Doch zu ihrer großen Überraschung und Freude war es nicht Ming, sondern das junge Mädchen, das sich vor einiger Zeit durch ein Missgeschick beide Beine verbrannt hatte.
»Was willst du?«, fragte Beatrice freundlich und hoffte, dass Maffeo ihre Bitte nicht vergessen und Ming tatsächlich aus ihren Diensten entlassen hatte.
»Ich komme, um Euch zu dienen, Herrin«, sagte das Mädchen und senkte schüchtern seinen Blick. »Der Herr sagte, dass Ihr mit Ming nicht mehr zufrieden seid. Und deshalb schickt er mich. Wenn es Euch nicht recht ist, gehe ich und werde…«
»O nein, bleib nur!«, unterbrach Beatrice sie. Sie musste sich sehr zusammennehmen, um nicht vor Freude laut in die Hände zu klatschen. »Das ist wirklich eine angenehme Überraschung. Wie ist dein Name?«
Das Mädchen hob seinen Kopf und lächelte zaghaft. »Jen, Herrin. Ich bringe Euch das Nachtgewand.« Sie deutete auf den Stapel Wäsche, den sie im Arm hielt. »Darf ich Euch beim Umkleiden behilflich sein?«
Geschickt machte sich Jen an die Arbeit. Dabei ging sie so vorsichtig und behutsam zu Werke, dass Beatrice nicht einmal ihre Hände spürte. Als sie schließlich fertig war und Beatrice gewaschen und gekämmt im Nachtgewand auf dem Bett saß, trat sie ein paar Schritte zurück und verbarg ihre Hände in den weiten Ärmeln ihres Gewands.

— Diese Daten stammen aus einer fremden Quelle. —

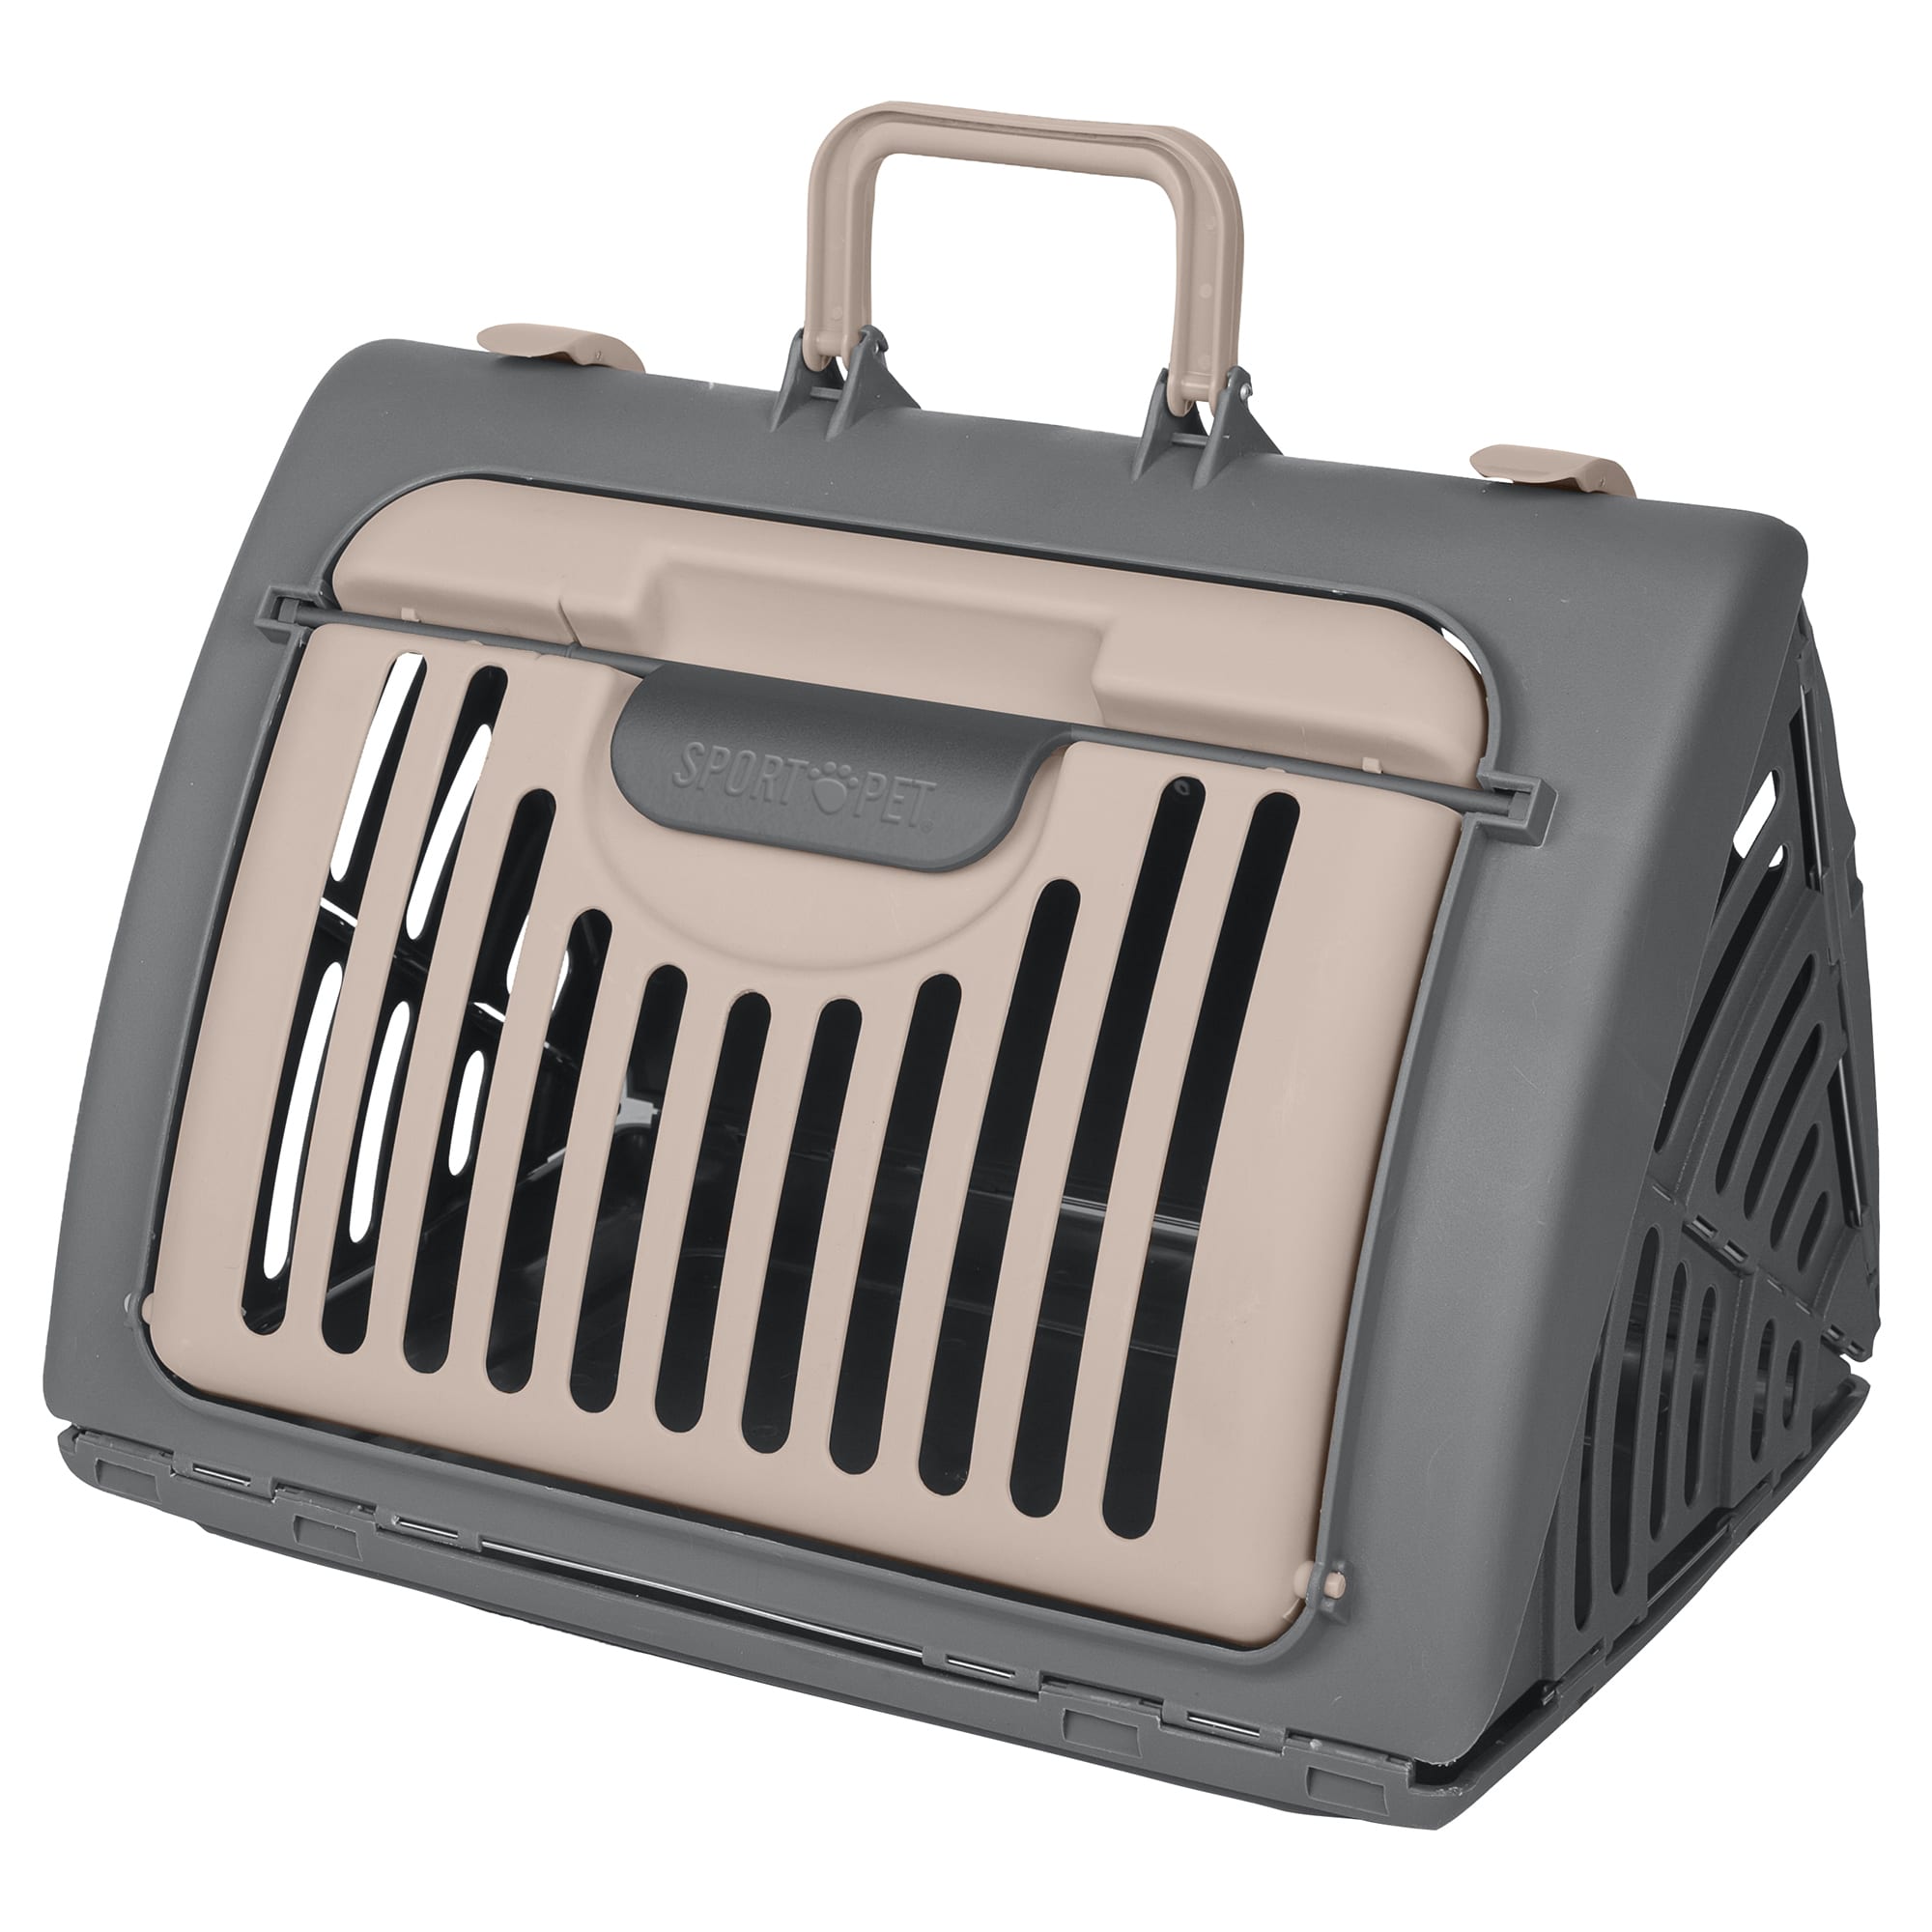 SportPet Foldable Plastic Travel Cat Carrier, For Cats 5-25 lb.
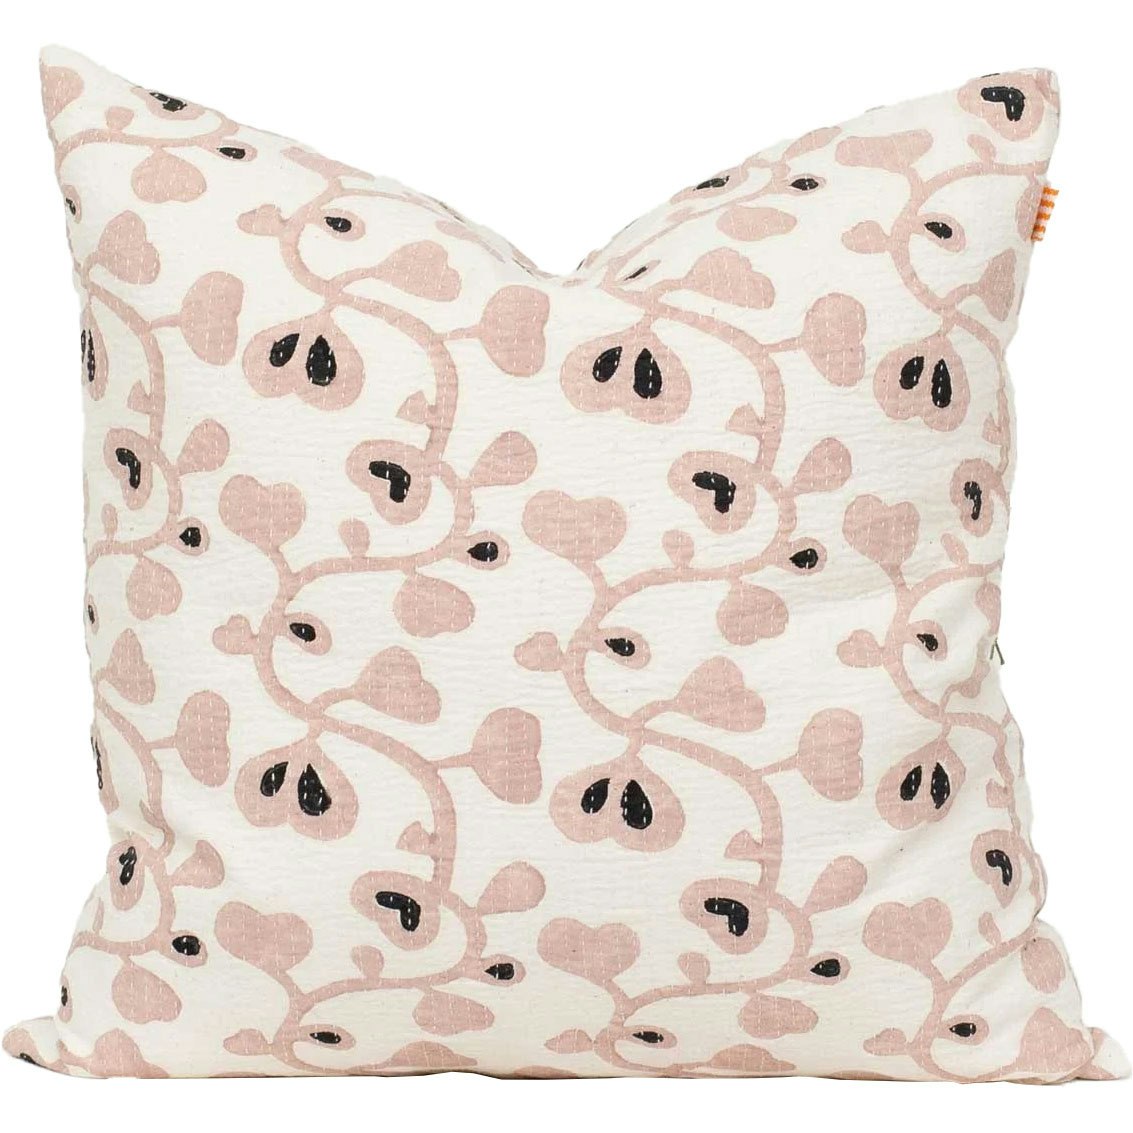 Heartflower Cushion Cover 50x50 cm, Pink

»Habt Ihr noch einen Wunsch, Herrin?«
»Nein, danke. Du hast deine Arbeit sehr gut gemacht, ich bin sehr zufrieden. Du kannst gehen.«
»Der Herr sagte, morgen sollt Ihr Eure Arbeit im Haus der Heilung beginnen. Er wird Euch morgen früh kurz nach Sonnenaufgang abholen, um Euch dorthin zu begleiten.«
»Gut. Danke, dass du es mir gesagt hast«, erwiderte Beatrice und seufzte. Natürlich hatte sie gewusst, dass die Aufgabe, Verletzte zu behandeln und Khubilais Ärzte in westlicher Medizin zu unterweisen, in Taitu auf sie zukommen würde. Sie hatte sich sogar schon darauf gefreut. Doch insgeheim hatte sie sich gewünscht, dass sie noch ein paar Tage Zeit zur Erholung und Eingewöhnung in diese neue, fremde Stadt gehabt hätte.
Es soll wohl nicht sein, dachte Beatrice. Es gibt Menschen, denen die Arbeit immer hinterherläuft, egal, wo sie sich verstecken. Da scheinen noch nicht einmal Zeitsprünge zu helfen.
Sie sah auf. Jen schien immer noch nicht gehen zu wollen. Sie stand vor der Tür und knetete sichtlich nervös ihre Hände.
»Möchtest du mir noch etwas sagen?«
»Ich wollte Euch danken, Herrin. Ihr habt mir geholfen und meine Beine…«
»Du brauchst mir nicht zu danken«, entgegnete Beatrice. »Hauptsache ist, dass es dir wieder gut geht.«
»Ich diene Euch wirklich gern, Herrin«, sagte Jen und errötete. »Darf ich… Darf ich morgen wiederkommen?«
Beatrice lächelte. Was für ein Unterschied zur arroganten, mürrischen Ming. Es war eine Wohltat.
»Natürlich. Es wäre mir eine große Freude.«
Jen strahlte über das ganze Gesicht, verbeugte sich und verschwand so leise, dass Beatrice es kaum bemerkte.